▶ Supplied material
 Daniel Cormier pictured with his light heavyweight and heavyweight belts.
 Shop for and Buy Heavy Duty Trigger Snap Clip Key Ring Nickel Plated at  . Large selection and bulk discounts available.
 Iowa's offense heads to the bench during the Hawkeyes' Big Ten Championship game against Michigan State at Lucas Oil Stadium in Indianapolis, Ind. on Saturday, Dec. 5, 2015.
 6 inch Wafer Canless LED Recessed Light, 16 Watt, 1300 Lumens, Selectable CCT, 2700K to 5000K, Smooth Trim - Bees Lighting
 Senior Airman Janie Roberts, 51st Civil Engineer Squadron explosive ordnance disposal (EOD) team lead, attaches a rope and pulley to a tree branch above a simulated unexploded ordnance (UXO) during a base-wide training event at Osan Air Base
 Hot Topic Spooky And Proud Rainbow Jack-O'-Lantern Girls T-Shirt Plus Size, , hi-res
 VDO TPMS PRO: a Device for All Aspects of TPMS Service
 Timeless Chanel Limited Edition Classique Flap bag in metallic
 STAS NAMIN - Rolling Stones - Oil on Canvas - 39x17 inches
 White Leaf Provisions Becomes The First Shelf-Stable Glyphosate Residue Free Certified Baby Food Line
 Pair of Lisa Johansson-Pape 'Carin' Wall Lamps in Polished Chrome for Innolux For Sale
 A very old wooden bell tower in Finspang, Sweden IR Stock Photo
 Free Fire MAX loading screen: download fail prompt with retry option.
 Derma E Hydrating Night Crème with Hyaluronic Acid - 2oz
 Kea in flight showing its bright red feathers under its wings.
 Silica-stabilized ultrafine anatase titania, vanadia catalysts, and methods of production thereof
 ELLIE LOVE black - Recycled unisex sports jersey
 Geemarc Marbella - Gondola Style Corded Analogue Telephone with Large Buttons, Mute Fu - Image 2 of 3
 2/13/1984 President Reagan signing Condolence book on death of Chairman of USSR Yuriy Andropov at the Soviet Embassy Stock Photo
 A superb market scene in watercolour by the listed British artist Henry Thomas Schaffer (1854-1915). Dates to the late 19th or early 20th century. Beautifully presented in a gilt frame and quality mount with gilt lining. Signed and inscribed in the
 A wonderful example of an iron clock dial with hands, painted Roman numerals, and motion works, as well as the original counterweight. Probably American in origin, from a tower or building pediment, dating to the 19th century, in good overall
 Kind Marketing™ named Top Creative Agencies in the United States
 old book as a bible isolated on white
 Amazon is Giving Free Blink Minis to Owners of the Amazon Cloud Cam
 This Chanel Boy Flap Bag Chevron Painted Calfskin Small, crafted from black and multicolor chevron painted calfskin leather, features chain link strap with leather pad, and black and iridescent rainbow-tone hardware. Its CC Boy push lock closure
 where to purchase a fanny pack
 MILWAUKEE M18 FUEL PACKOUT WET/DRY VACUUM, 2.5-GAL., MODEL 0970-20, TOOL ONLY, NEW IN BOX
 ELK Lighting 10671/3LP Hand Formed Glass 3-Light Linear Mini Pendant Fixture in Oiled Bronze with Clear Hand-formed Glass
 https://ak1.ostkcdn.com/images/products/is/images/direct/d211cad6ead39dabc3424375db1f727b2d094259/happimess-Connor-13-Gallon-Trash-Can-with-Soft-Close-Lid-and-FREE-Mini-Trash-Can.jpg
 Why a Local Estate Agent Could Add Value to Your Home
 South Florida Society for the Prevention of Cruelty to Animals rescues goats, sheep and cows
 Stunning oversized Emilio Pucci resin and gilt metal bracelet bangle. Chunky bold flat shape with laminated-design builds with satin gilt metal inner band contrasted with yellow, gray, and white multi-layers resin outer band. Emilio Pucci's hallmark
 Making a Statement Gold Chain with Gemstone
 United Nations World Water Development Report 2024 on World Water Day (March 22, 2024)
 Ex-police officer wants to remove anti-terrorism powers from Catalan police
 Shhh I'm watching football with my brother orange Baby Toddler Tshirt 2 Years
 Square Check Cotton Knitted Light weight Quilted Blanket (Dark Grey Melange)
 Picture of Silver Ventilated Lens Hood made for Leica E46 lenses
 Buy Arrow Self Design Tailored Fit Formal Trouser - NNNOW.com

▶ The task
Only the lines from the one containing "Why a Local Estate" through the one containing "Stunning oversized Emilio" are to be retyped, both boundary lines included, with no other material.

▶ Result for this task
 Why a Local Estate Agent Could Add Value to Your Home
 South Florida Society for the Prevention of Cruelty to Animals rescues goats, sheep and cows
 Stunning oversized Emilio Pucci resin and gilt metal bracelet bangle. Chunky bold flat shape with laminated-design builds with satin gilt metal inner band contrasted with yellow, gray, and white multi-layers resin outer band. Emilio Pucci's hallmark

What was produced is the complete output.